The answer is to be an exact copy of the lines below running from the line with "Post-scriptum, Le journal" down to the line with "Essential Best Mom", both ends included, and nothing more.

----- The records

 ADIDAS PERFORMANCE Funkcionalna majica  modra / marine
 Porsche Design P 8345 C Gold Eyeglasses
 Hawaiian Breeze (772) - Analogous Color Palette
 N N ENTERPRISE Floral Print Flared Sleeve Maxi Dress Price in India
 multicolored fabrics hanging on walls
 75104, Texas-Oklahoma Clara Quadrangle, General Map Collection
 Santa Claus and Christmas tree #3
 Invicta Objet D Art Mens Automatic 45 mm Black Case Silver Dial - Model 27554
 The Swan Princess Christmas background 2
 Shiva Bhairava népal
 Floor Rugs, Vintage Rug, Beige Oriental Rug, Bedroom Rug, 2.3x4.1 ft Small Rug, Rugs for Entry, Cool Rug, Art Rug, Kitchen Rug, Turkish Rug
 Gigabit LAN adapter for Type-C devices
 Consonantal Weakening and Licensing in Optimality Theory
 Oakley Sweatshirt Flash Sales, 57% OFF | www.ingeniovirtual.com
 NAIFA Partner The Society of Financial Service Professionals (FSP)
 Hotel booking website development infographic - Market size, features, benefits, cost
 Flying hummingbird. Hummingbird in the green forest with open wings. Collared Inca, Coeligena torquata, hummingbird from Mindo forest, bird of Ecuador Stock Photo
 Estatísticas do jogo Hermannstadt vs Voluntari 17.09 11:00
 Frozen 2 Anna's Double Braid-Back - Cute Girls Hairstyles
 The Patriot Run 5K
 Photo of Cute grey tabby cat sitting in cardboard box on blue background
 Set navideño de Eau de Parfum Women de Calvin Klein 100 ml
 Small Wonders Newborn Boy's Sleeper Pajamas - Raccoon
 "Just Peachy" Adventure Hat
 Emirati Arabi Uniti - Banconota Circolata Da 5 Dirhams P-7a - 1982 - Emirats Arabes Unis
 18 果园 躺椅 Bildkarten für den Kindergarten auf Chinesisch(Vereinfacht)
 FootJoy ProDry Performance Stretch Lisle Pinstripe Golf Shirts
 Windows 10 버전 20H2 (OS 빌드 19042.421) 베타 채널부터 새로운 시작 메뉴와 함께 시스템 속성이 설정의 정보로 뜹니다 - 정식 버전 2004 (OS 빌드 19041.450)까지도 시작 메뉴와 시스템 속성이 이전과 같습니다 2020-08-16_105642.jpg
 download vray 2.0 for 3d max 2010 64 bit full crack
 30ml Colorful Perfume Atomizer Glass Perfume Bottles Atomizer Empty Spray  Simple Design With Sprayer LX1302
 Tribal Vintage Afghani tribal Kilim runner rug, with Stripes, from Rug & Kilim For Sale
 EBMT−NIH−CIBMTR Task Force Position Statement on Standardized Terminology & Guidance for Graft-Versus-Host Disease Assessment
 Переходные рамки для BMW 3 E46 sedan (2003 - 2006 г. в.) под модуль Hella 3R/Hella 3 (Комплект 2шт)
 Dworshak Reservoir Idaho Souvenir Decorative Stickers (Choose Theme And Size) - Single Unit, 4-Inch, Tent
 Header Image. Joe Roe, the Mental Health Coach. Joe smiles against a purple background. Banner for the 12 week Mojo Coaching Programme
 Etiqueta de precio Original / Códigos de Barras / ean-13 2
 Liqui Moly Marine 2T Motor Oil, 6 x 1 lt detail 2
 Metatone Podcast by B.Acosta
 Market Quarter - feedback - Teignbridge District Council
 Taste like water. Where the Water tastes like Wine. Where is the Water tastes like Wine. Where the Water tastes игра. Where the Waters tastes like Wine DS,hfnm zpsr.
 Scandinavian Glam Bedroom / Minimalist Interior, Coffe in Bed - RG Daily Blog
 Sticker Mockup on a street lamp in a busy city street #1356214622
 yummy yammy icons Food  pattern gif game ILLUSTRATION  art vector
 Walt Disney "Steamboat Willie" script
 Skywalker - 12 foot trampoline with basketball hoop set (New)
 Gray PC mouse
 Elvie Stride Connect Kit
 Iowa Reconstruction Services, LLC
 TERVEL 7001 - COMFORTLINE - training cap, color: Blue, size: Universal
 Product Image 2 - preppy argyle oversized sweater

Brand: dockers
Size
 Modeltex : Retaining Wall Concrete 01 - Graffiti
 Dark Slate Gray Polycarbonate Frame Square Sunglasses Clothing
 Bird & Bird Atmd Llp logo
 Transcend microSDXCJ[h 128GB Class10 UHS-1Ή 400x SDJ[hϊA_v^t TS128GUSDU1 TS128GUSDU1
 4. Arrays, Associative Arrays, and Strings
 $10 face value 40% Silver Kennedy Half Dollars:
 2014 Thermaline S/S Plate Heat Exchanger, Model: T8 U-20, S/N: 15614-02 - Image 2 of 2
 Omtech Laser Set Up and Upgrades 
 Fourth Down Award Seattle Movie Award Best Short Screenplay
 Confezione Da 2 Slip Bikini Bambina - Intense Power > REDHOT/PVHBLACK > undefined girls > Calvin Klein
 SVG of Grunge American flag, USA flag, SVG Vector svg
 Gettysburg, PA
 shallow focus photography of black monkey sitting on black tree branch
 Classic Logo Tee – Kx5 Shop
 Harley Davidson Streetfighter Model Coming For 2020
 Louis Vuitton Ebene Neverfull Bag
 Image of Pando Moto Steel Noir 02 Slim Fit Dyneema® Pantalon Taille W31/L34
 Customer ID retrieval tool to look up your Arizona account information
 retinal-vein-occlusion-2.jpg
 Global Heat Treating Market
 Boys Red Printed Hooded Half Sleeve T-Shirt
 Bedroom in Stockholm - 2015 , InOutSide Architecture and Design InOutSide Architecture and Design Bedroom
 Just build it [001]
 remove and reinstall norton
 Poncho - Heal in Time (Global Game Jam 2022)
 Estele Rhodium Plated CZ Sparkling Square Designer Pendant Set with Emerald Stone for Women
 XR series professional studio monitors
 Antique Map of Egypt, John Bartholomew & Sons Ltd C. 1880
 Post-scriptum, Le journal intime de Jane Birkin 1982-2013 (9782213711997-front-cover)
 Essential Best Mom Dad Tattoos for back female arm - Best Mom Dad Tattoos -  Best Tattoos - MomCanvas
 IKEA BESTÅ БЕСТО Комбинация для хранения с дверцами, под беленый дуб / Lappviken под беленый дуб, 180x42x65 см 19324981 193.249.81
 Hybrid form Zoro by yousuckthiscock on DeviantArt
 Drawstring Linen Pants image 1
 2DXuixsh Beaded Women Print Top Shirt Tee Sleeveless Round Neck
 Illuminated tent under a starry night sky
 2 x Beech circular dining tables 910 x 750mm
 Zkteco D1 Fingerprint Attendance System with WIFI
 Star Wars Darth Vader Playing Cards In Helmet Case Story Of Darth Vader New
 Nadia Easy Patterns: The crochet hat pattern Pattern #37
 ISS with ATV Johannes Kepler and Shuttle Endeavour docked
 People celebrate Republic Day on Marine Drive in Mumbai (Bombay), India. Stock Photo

----------

• _Answer to this exercise_:
 Post-scriptum, Le journal intime de Jane Birkin 1982-2013 (9782213711997-front-cover)
 Essential Best Mom Dad Tattoos for back female arm - Best Mom Dad Tattoos -  Best Tattoos - MomCanvas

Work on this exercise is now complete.